<h3>Training & Saving Treatment  Prediction Model using Logestic Regression</h3>

In [1]:
import pandas as pd
from sklearn.feature_extraction.text import TfidfVectorizer
from sklearn.linear_model import LogisticRegression
from sklearn.metrics import accuracy_score
from sklearn.multioutput import MultiOutputClassifier
import joblib

# 1. Load CSV data
df = pd.read_csv('treatment.csv')

# 3. Combine precaution columns into a single text column with $ separation
df['Precautions'] = df[['Precaution_1', 'Precaution_2', 'Precaution_3', 'Precaution_4']].apply(lambda row: '$'.join(row), axis=1)

# 4. Split the precautions column into separate columns
precautions_split = df['Precautions'].str.split('$', expand=True)

# Assign new column names for each precaution
precautions_split.columns = ['Precaution_1', 'Precaution_2', 'Precaution_3', 'Precaution_4']

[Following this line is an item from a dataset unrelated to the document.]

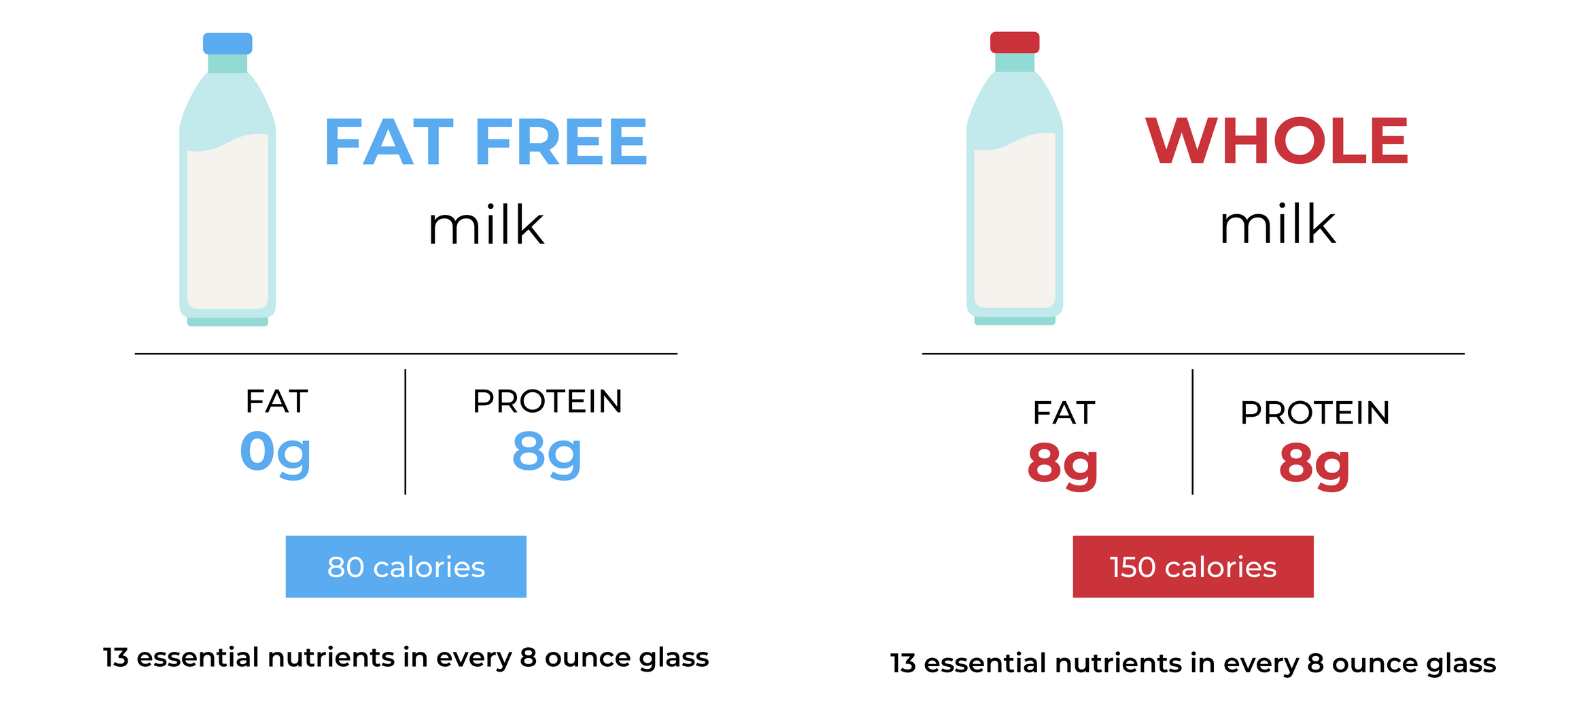 Fat Free Vs. Whole Milk Nutrition Graphic

# 5. Define Features (X) and Labels (y)
X = df['Disease']  # Disease names
y = precautions_split  # Separate precaution columns as labels

# 6. Vectorize the disease names using an enhanced TF-IDF vectorizer
vectorizer = TfidfVectorizer(
    max_features=10000,        # Increased vocabulary size
    ngram_range=(1, 3),        # Include unigrams, bigrams, and trigrams
    stop_words='english',      # Remove common stopwords
    sublinear_tf=True          # Sublinear term frequency scaling
)

X_tfidf = vectorizer.fit_transform(X)

# 7. Logistic Regression Model for Treatment Prediction
# Use MultiOutputClassifier for multi-label prediction
model = LogisticRegression(max_iter=1000)
multi_model = MultiOutputClassifier(model, n_jobs=-1)

# Train the model
multi_model.fit(X_tfidf, y)

# 8. Save the model and vectorizer for future use
joblib.dump(multi_model, 'treatment_prediction_model.joblib')
joblib.dump(vectorizer, 'vectorizer.joblib')

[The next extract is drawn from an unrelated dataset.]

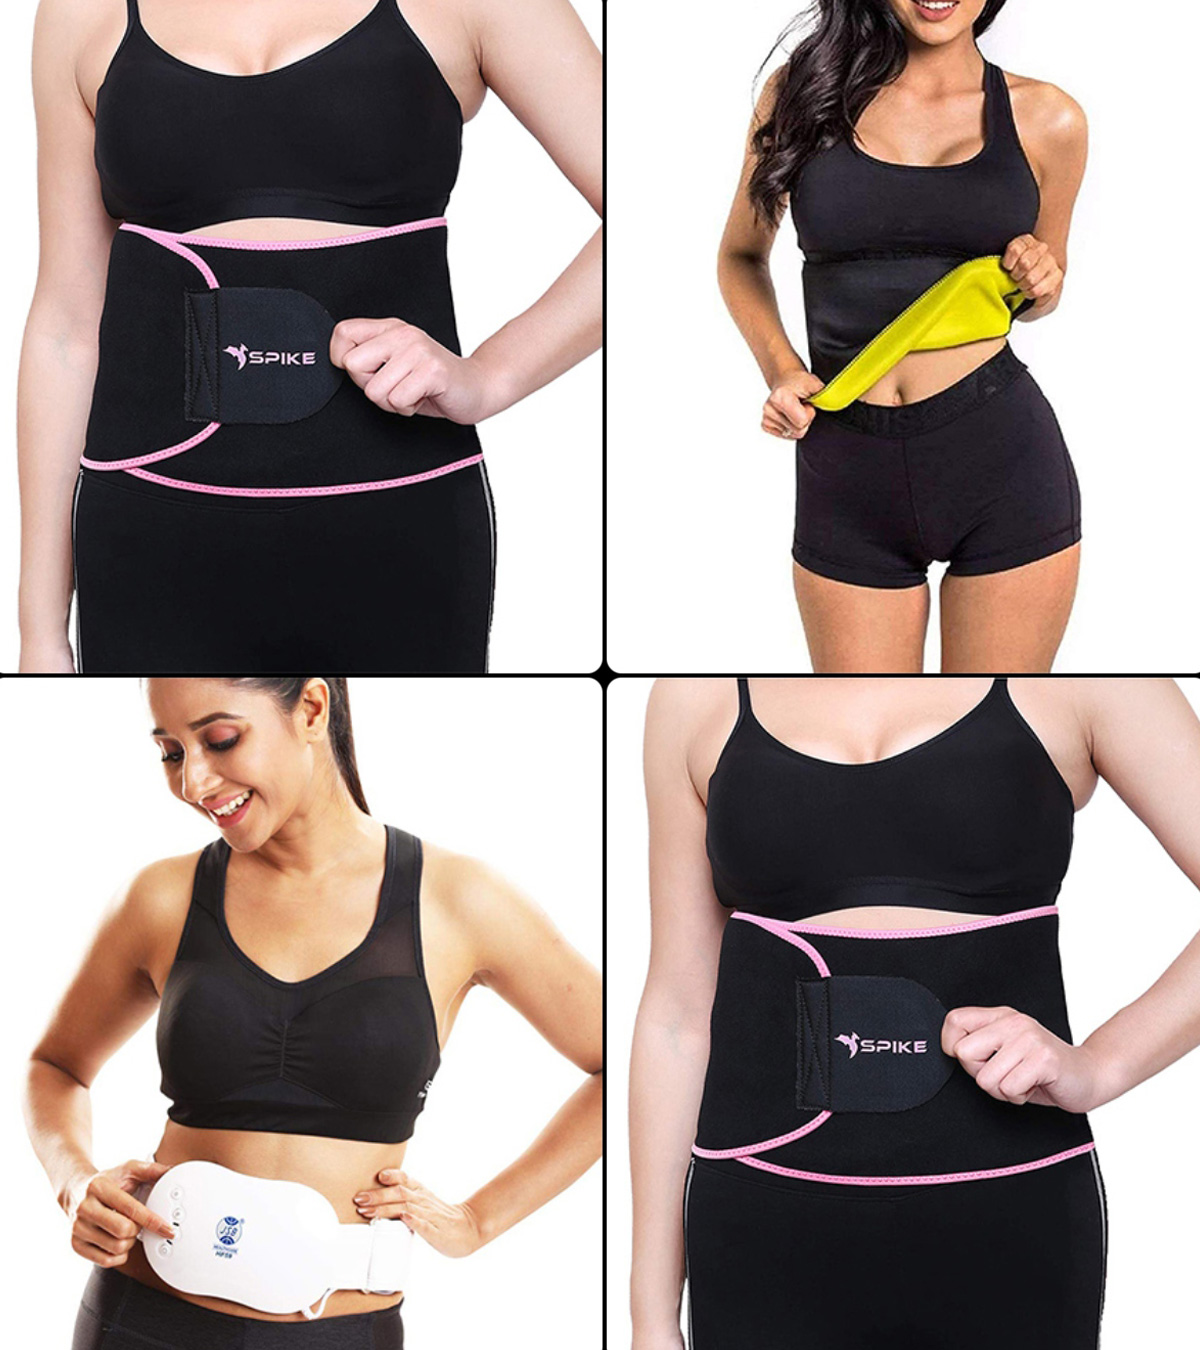 Sweatness Women's Fat Burning Slimming Belt incl Pink Weight loss guarantee,

print("Model and vectorizer saved successfully!")


Model and vectorizer saved successfully!


<h3>TestingThe Model</h3>

In [25]:
import joblib
dis="Gastroenteritis"
# Load the saved model and vectorizer
loaded_model = joblib.load('treatment_prediction_model.joblib')
loaded_vectorizer = joblib.load('vectorizer.joblib')

# Get the disease input as a string
sample_disease = dis # Replace with any disease to test

# Transform the input disease using the loaded vectorizer
sample_disease_tfidf = loaded_vectorizer.transform([sample_disease])

# Predict the treatment using the loaded model
predicted_precaution = loaded_model.predict(sample_disease_tfidf)

# Handle multi-output predictions for a single input (list of lists)
predicted_precautions = predicted_precaution[0]

# Output the result with each precaution on a new line
print(f"Predicted treatment for '{sample_disease}':")
i = 1
for precaution in predicted_precautions:
    print(f" {i}. {precaution.strip()}")
    i += 1


Predicted treatment for 'Gastroenteritis':
 1. Stop eating solid food for a while to give your digestive system time to rest and heal. This will allow your body to focus on recovery without the added strain of processing food.
 2. Try taking small sips of water to stay hydrated. It's important to maintain hydration, but drinking small amounts at a time will help avoid overwhelming your system
 3. Rest to allow your body the time it needs to heal. Avoid physical exertion, and make sure to get plenty of sleep to support recovery.
 4. Ease back into eating gradually. Start with light, easy-to-digest foods like broths or soups, and slowly reintroduce solid food as your body tolerates it.